Sur le fond – violation de l’article 6§1 : La Cour constate que la procédure criminelle
française présente un certain nombre de garanties pour les accusés, comme l’information, le
débat contradictoire ou encore l’égalité des armes. En outre, elle souligne qu’il est possible de
contester une décision de Cour d’assises, puisqu’un pourvoi en cassation est possible. Elle
examine ensuite de façon conjointe l’acte de mise en accusation, et les questions posées au
jury. La Cour prend en compte le fait que l’acte de mise en accusation a été rédigé de manière
circonstanciée, et qu’ensuite, les charges ont été débattues pendant 24 jours. Elle rappelle
l’importance des questions adressées au jury étant donné qu’il ne dispose pas du dossier de la
procédure. Elle prend note du fait qu’en raison des réponses apportées aux questions et de
l’acte d’accusation qui établissait clairement qu’il avait commis les faits reprochés, le
requérant ne pouvait pas ignorer l’issue du jugement.
Solution rendue par la Cour : La Cour estime que « le requérant a disposé de garanties
suffisantes lui permettant de comprendre le verdict de condamnation qui a été prononcé à son
encontre. » La Cour rejette le grief du requérant fondé sur l’article 6§1.

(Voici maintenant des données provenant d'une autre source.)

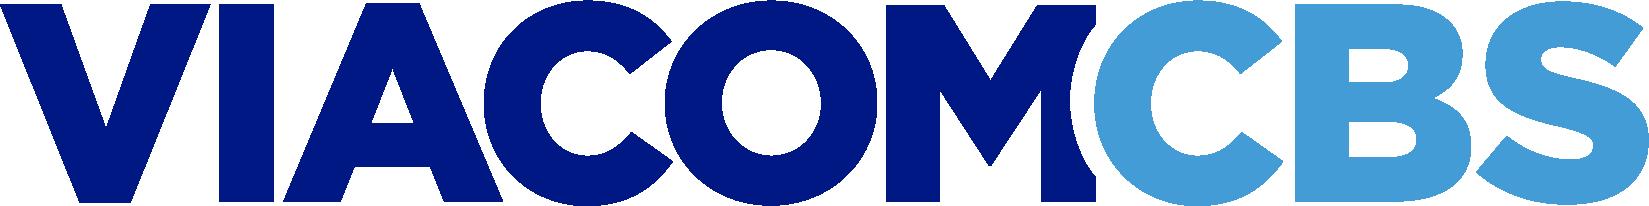 ViacomCBS Logo png

Sur le fond – La violation de l’article 3 : La Cour se repose sur sa jurisprudence Vinter et
autres c. Royaume-Uni [GC], n°66069/09, 130/10 et 3896/10, CEDH2013. « Infliger à un
adulte une peine perpétuelle incompressible peut soulever une question sous l’angle de
l’article 3 de la Convention. » Si la peine est de jure et de facto incompressible, cela est
contraire à l’article 3. A cette obligation s’oppose le devoir de l’Etat, en vertu de la protection
du public, de maintenir en détention une personne qui constitue un danger, « empêcher un
délinquant de récidiver est l’une des « fonctions essentielles » d’une peine
d’emprisonnement ». Toute peine doit pouvoir être compressible, et pour cela il faut qu’elle
puisse être soumise à réexamen. Le condamné doit connaître, dès sa condamnation, les
« conditions d’accès à un tel réexamen ». La forme que doit prendre le réexamen et la durée
de détention à partir de laquelle il doit intervenir appartient cependant à la marge
d’appréciation des Etats. La Cour constate néanmoins, à la vue du droit comparé et du droit
international, que ce réexamen devrait se faire dans un délai de 25 ans au plus. Elle examine
alors les perspectives de réexamen dans le cas d’espèce. En vertu du code de procédure pénale
français, le requérant pourra bénéficier d’un aménagement de peine après 30 ans
d’incarcération. Pour se faire, le juge de l’aménagement des peines désigne un collège de
médecins pour évaluer son état de dangerosité. Puis, une commission de magistrats de la Cour
de cassation peut mettre fin à l’application de la décision spéciale de la Cour d’assises par
jugement. « L’article 720-4 prévoit un réexamen judiciaire de la période de sûreté perpétuelle,
ouvert au ministère public et au condamné, dans la perspective de contrôler si des motifs
légitimes justifient toujours le maintien en détention ». Alors, s’il est mis fin à la décision
spéciale de la Cour d’assises de n’accorder aucun aménagement de peine, le requérant pourra
prétendre à la liberté conditionnelle. La Cour note donc que le requérant bénéficie d’une
possibilité d’élargissement de sa peine, dont il a connaissance depuis sa condamnation. Si la
Cour constate que le délai de 30 ans est supérieur de 5 ans à la tendance internationale, elle
prend en compte le fait que la détention provisoire est comptabilisée. En l’espèce, le requérant
pourra saisir le juge de l’application des peines en demande de relèvement de la décision
spéciale, 26 ans après sa condamnation.
Solution de la Cour : En raison de la marge d’appréciation dont bénéficient les Etats en
matière d’aménagement de peine, et de l’existence d’une possibilité d’élargissement dès le
prononcé de la condamnation, il n’y a pas eu violation de l’article 3, car la peine à laquelle a
été condamné le requérant est considérée comme compressible.